Jovana Nedeljković (b. 1986) is a historian and a curator in the Museum of Yugoslavia in Belgrade. She graduated at the History department of the Faculty of Philosophy in Belgrade and obtained a Master’s degree in Curating Art, including Management and Law at the Stockholm University. During her studies in Stockholm she participated in several group exhibitions and co-edited the publication Coming into Being. Since 2012, she has been working on digitisation and interpretation of the photo archive of Museum of Yugoslavia, where she also collaborated on various exhibitions and international projects. She is currently working on the new permanent exhibition of the Museum, focusing on the topics of Antifascism and Non Alignment. Among her professional interests are: Yugoslav Second World War memorials, contemporary art practices thematising Yugoslav history and phenomena, documentary photography and cultural memory.

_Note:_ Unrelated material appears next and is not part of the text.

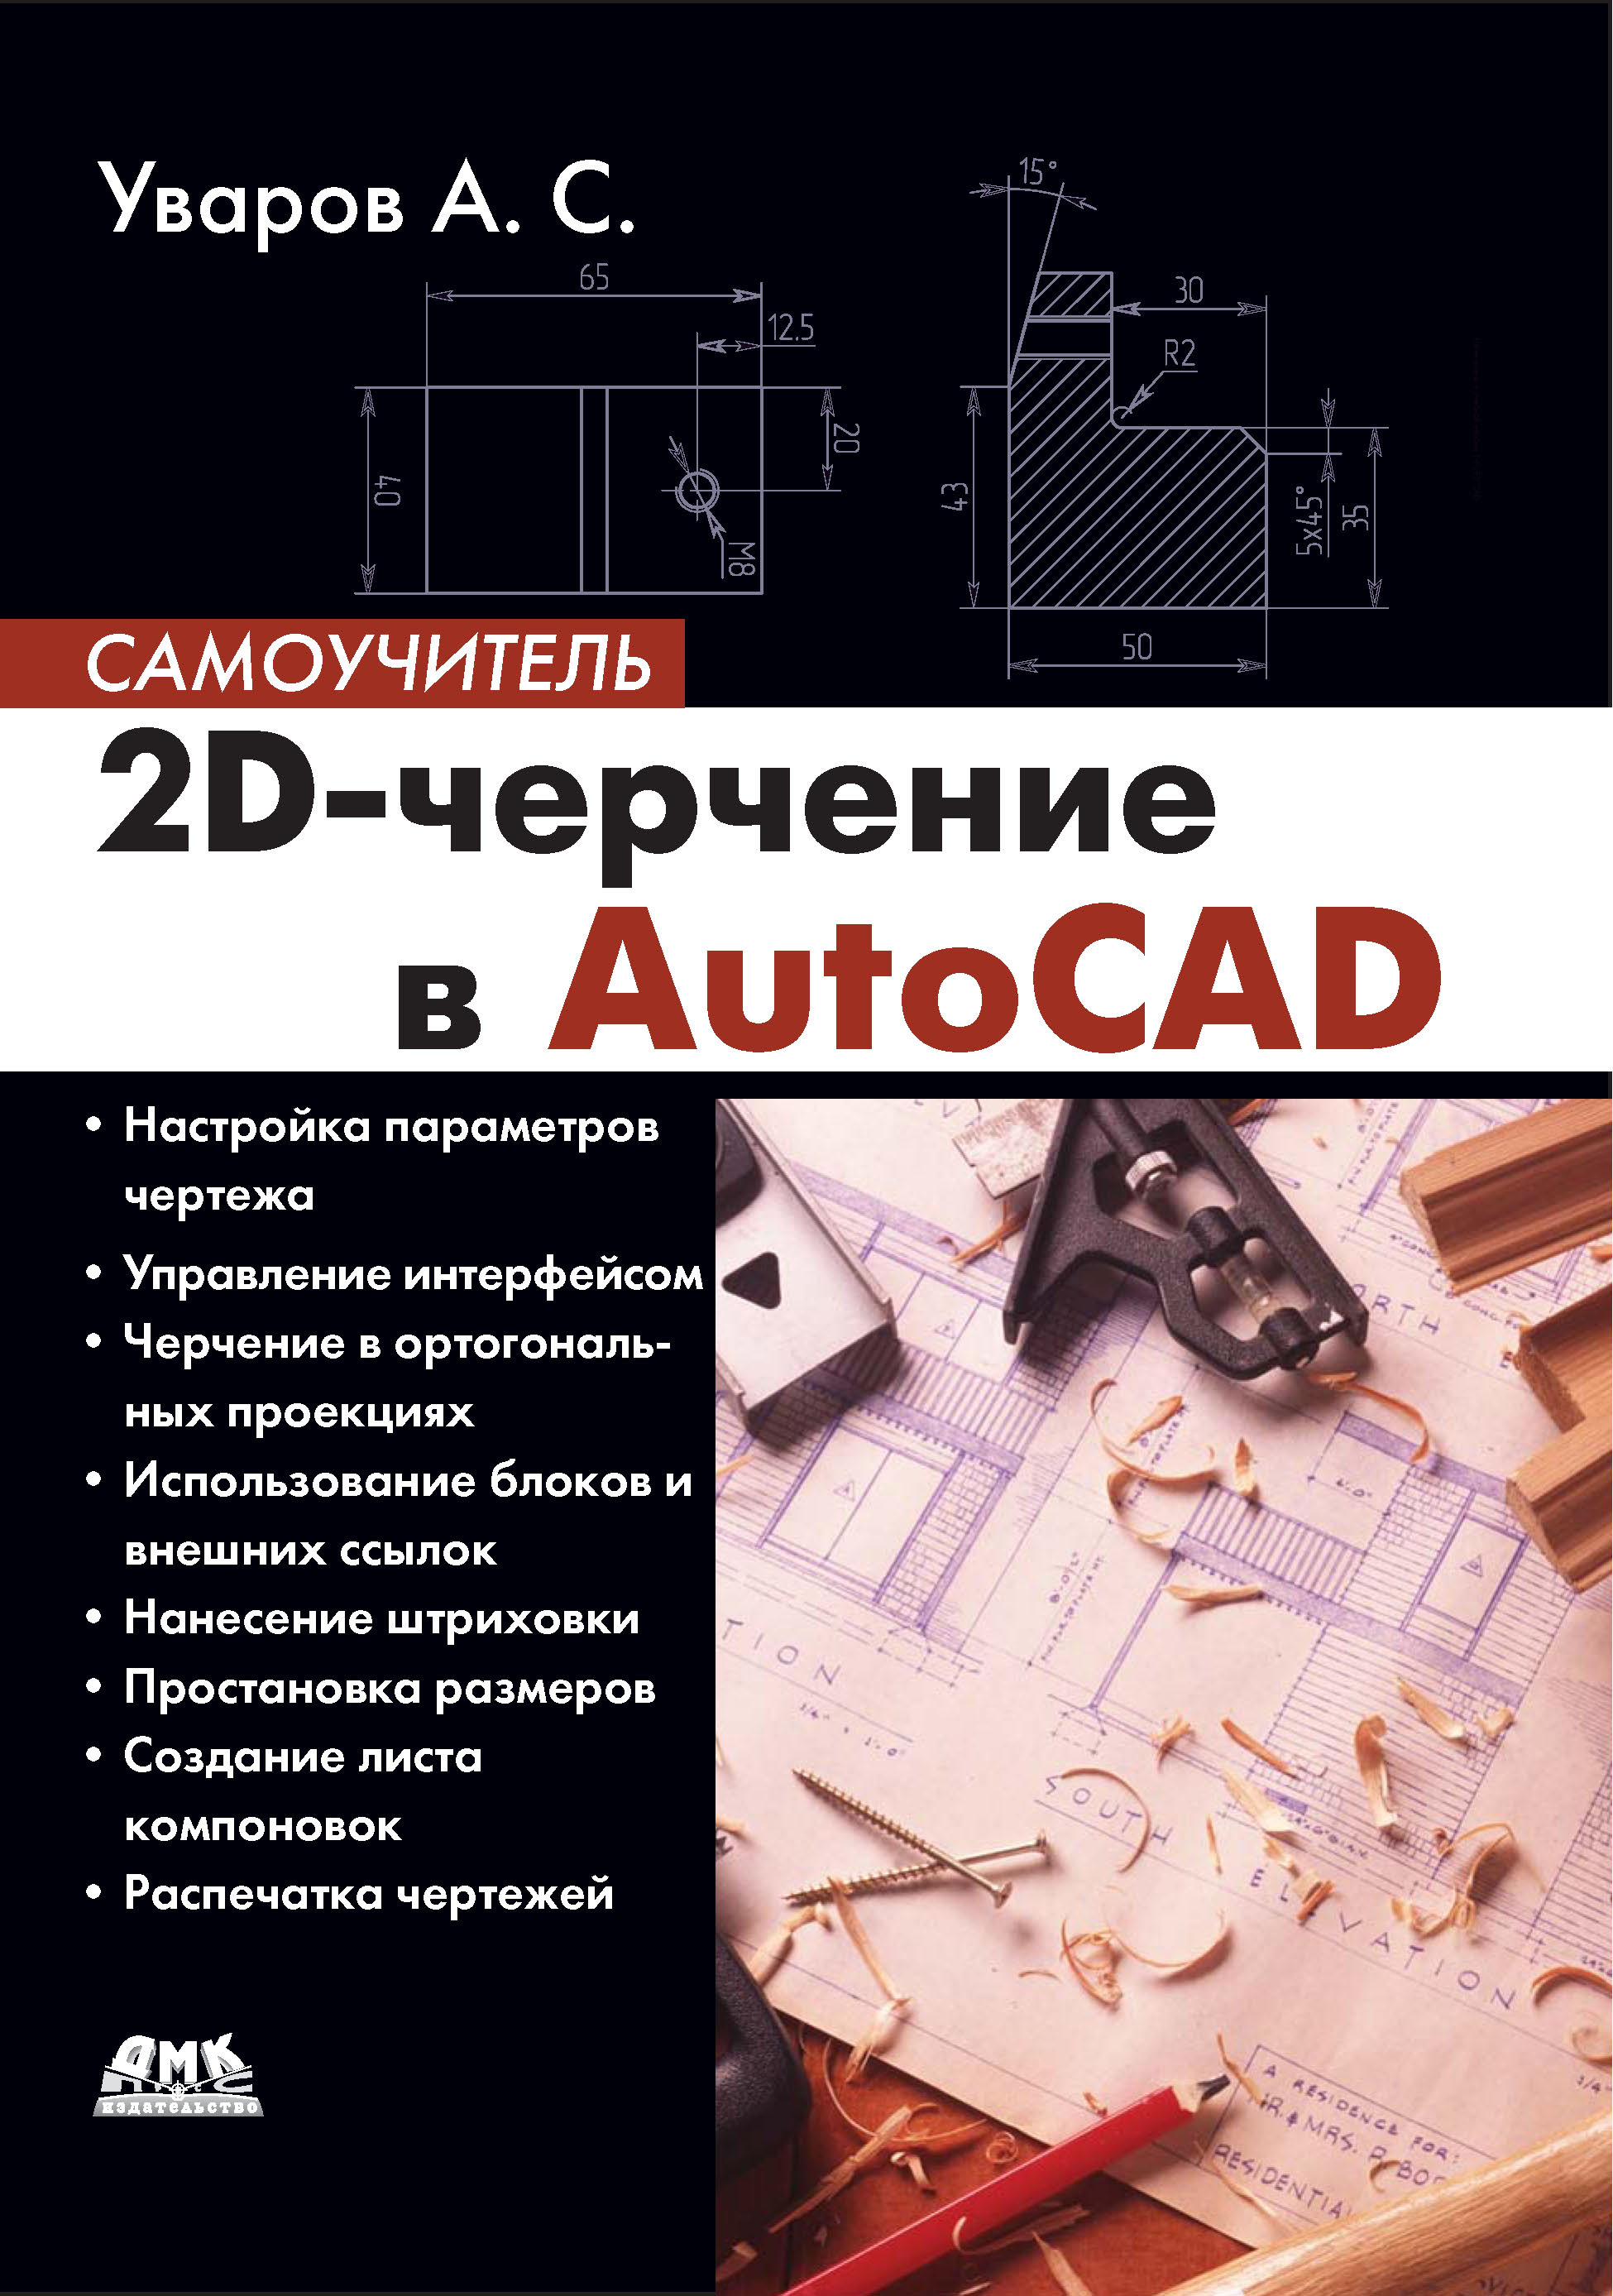 Книга Самоучитель (ДМК Пресс) 2D-черчение в AutoCAD созданная А. С. Уваров может относится к жанру программы, проектирование, самоучители. Стоимость электронной книги 2D-черчение в AutoCAD с идентификатором 22780518 составляет 151.00 руб.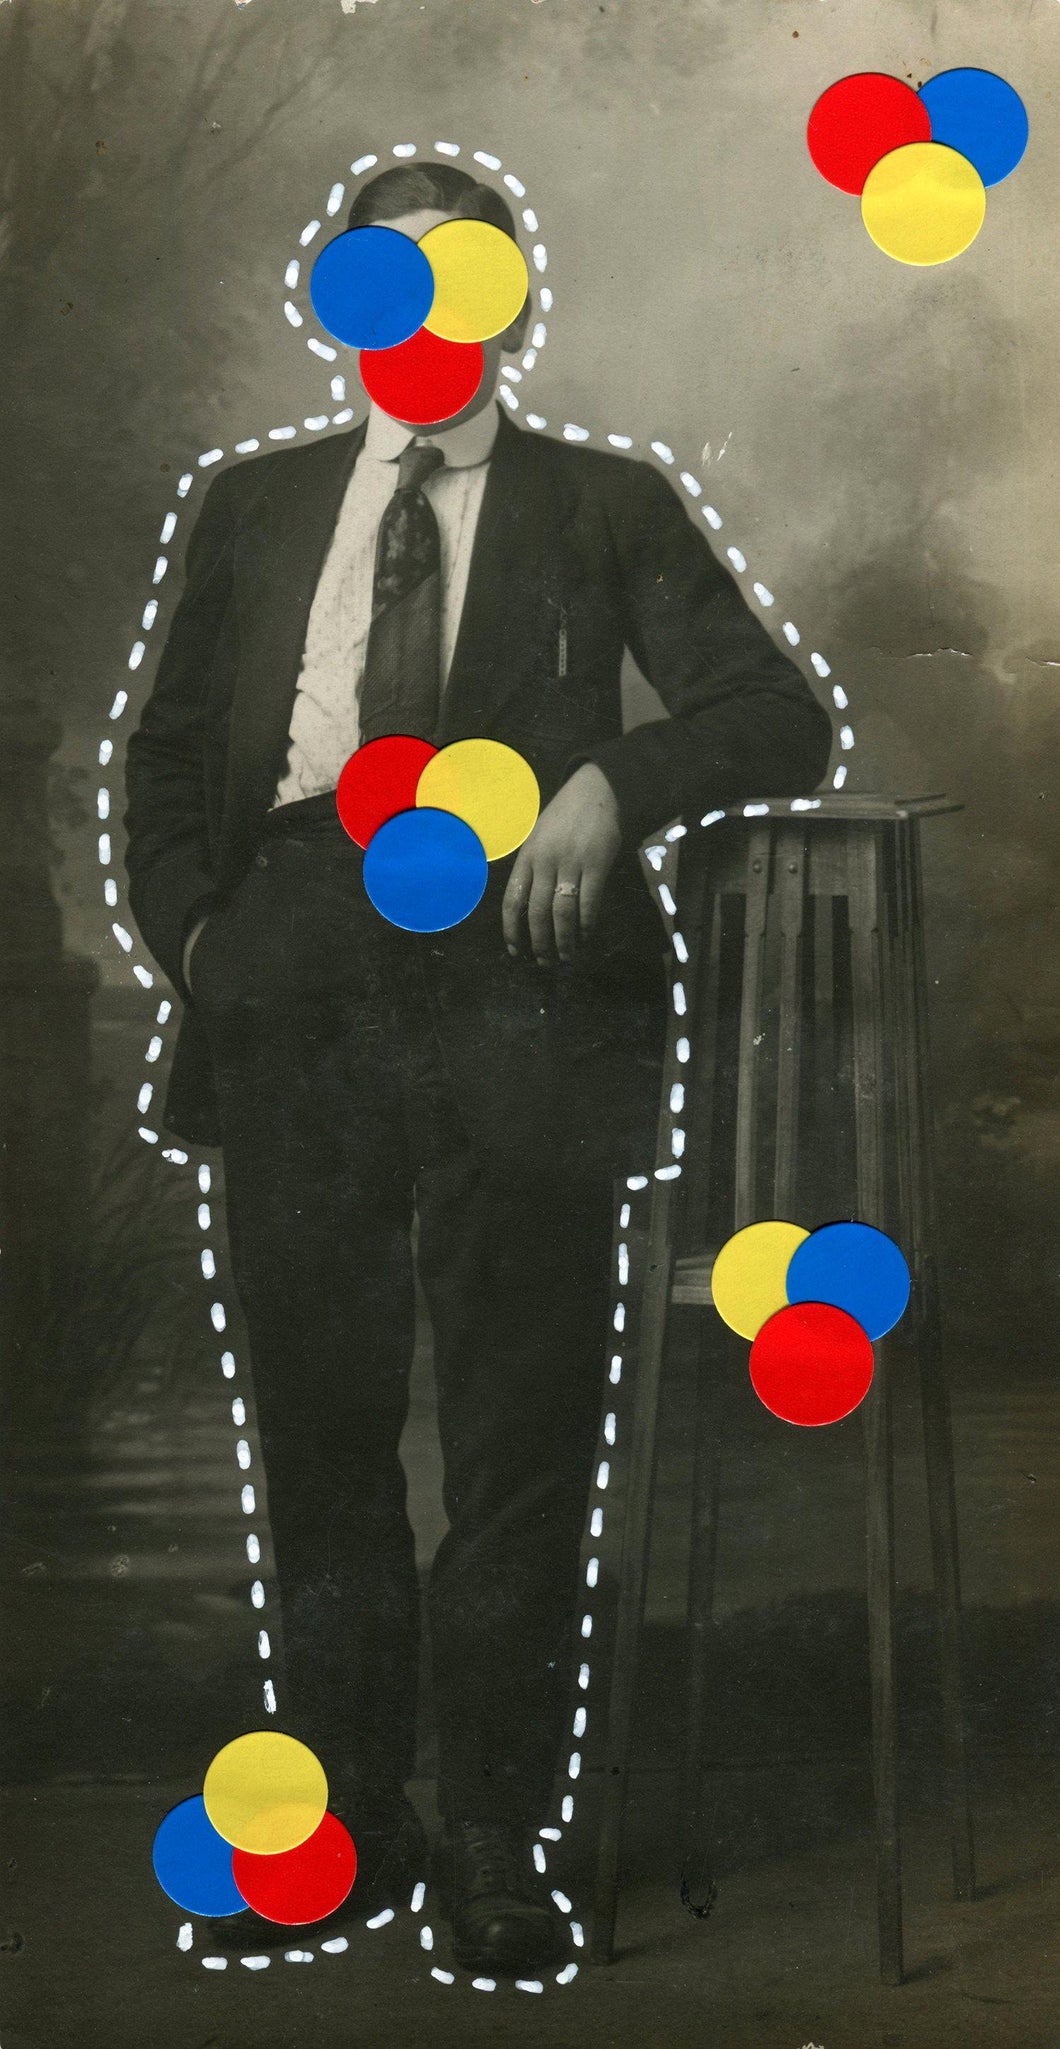 Primary Colours Palette Decoration On Vintage Man Portrait Photo - Naomi Vona Art

Vukan Ražnatović graduated from History at the History Department of the Faculty of Philosophy and is an MA candidate in International relations at the Faculty of Political Sciences of the University of Montenegro. He is working at the History Museum of the National Museum of Montenegro as a curator. He was a co-author of the exhibition „Vaccinations – Half the Health“ and also a coordinator of the interdisciplinary project „Eight“. He also collaborated in the publication „The Petrović's, rulers and warriors.“
Magdalena Sacha studied Polish and German philology in Warsaw and Gdańsk and earned her Ph.D. in 2004 with a dissertation on the cultural life of prisoners in the Nazi Buchenwald Concentration Camp between 1937 and 1945. She has worked since 2004 as a research assistant at the Institute for Cultural Studies at Uniwersytet Gdański and teaches cultural theories, regional and Polish cultural history, as well as museology. From 2001 to 2009 she was the director of the Regional Museum in Krokowa in Northern Poland which was a branch of the West Prussia Museum in Warendorf in Germany. In 2017 she was a co-curator at the exhibition “Luther in Gdynia?” at the Town Museum in Gdynia. Since 2017 she has been a member of museum council in Museum of Upper Silesia in Bytom. In her recent research she analyses the presence of social and religious minorities in the museum exhibitions with focus on displaced persons.